In [1]:
import torch
from transformers import AutoModelForCausalLM, AutoTokenizer
from peft import PeftModel, PeftConfig
from datasets import load_dataset
from nltk.translate.bleu_score import sentence_bleu
from rouge_score import rouge_scorer
from tqdm import tqdm

In [2]:
# 加载模型和tokenizer
def load_model(base_model_name, peft_model_path):
    base_model = AutoModelForCausalLM.from_pretrained(base_model_name, device_map="auto", load_in_8bit=False)
    peft_config = PeftConfig.from_pretrained(peft_model_path)
    model = PeftModel.from_pretrained(base_model, peft_model_path)
    tokenizer = AutoTokenizer.from_pretrained(peft_model_path)
    return model, tokenizer

In [3]:
# 生成回复
def generate_response(model, tokenizer, prompt, max_length=512):
    inputs = tokenizer(prompt, return_tensors="pt").to(model.device)
    with torch.no_grad():
        outputs = model.generate(**inputs, max_length=max_length, num_return_sequences=1)
    return tokenizer.decode(outputs[0], skip_special_tokens=True)

In [4]:
# 准备数据
def prepare_data(example):
    chosen_parts = example['chosen'].split('\n\nHuman: ')
    if len(chosen_parts) > 1:
        human_input = chosen_parts[1].split('\n\nAssistant: ')[0]
        assistant_output = chosen_parts[1].split('\n\nAssistant: ')[1].split('\n\nHuman: ')[0]
        return {
            "input": human_input.strip(),
            "reference": assistant_output.strip()
        }
    else:
        return {"input": "", "reference": ""}

In [5]:
# 主评估函数
from tqdm import tqdm

# 在主评估函数中
def evaluate(model, tokenizer, dataset):
    bleu_scores = []
    rouge_scorer_instance = rouge_scorer.RougeScorer(['rouge1', 'rouge2', 'rougeL'], use_stemmer=True)
    rouge_scores = {'rouge1': [], 'rouge2': [], 'rougeL': []}

    # 使用tqdm创建一个单一的进度条
    progress_bar = tqdm(dataset, total=len(dataset), desc="Evaluating")

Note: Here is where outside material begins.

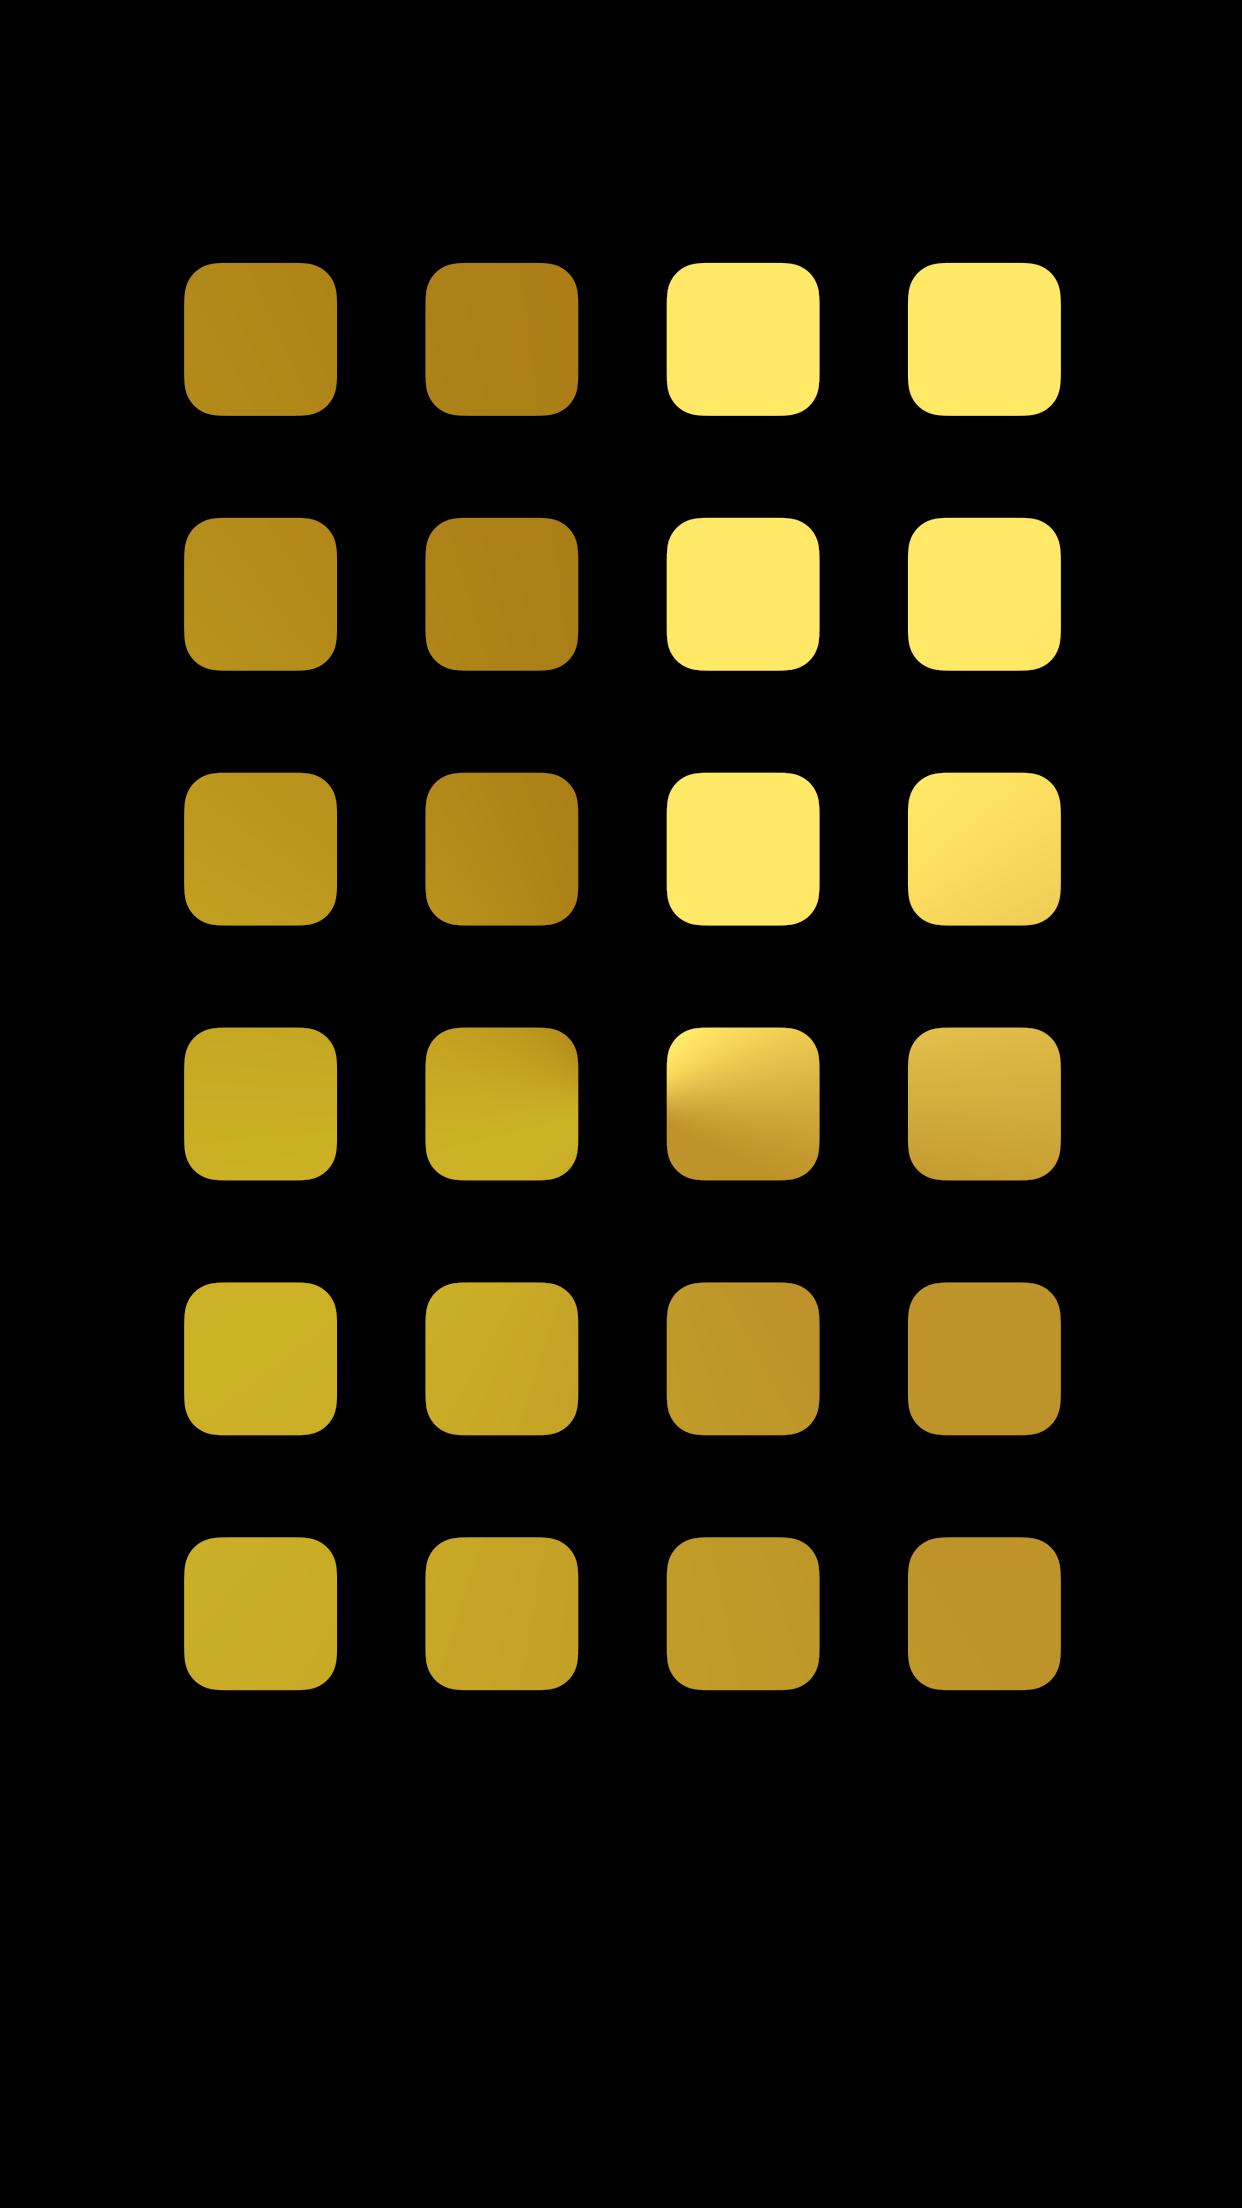 Iphone6 Plus棚の壁紙 ブラックゴールド Black Gold Wallpaper To Iphone6 Plus Shelf Type Wallpaper

    for example in progress_bar:
        if example['input']:  # 确保输入不为空
            generated = generate_response(model, tokenizer, example['input'])
            reference = example['reference']

            # 计算BLEU分数
            bleu = sentence_bleu([reference.split()], generated.split())
            bleu_scores.append(bleu)

            # 计算ROUGE分数
            rouge_score = rouge_scorer_instance.score(reference, generated)
            for key in rouge_scores:
                rouge_scores[key].append(rouge_score[key].fmeasure)

        # 更新进度条
        progress_bar.set_postfix({'BLEU': sum(bleu_scores) / len(bleu_scores) if bleu_scores else 0})

    # 计算平均分数
    avg_bleu = sum(bleu_scores) / len(bleu_scores)
    avg_rouge = {key: sum(scores) / len(scores) for key, scores in rouge_scores.items()}

    return avg_bleu, avg_rouge

In [6]:
base_model_name = "llama3"  # 替换为您的基础模型名称
peft_model_path = "multitask_model1"  # 替换为您保存的模型路径

In [7]:
model, tokenizer = load_model(base_model_name, peft_model_path)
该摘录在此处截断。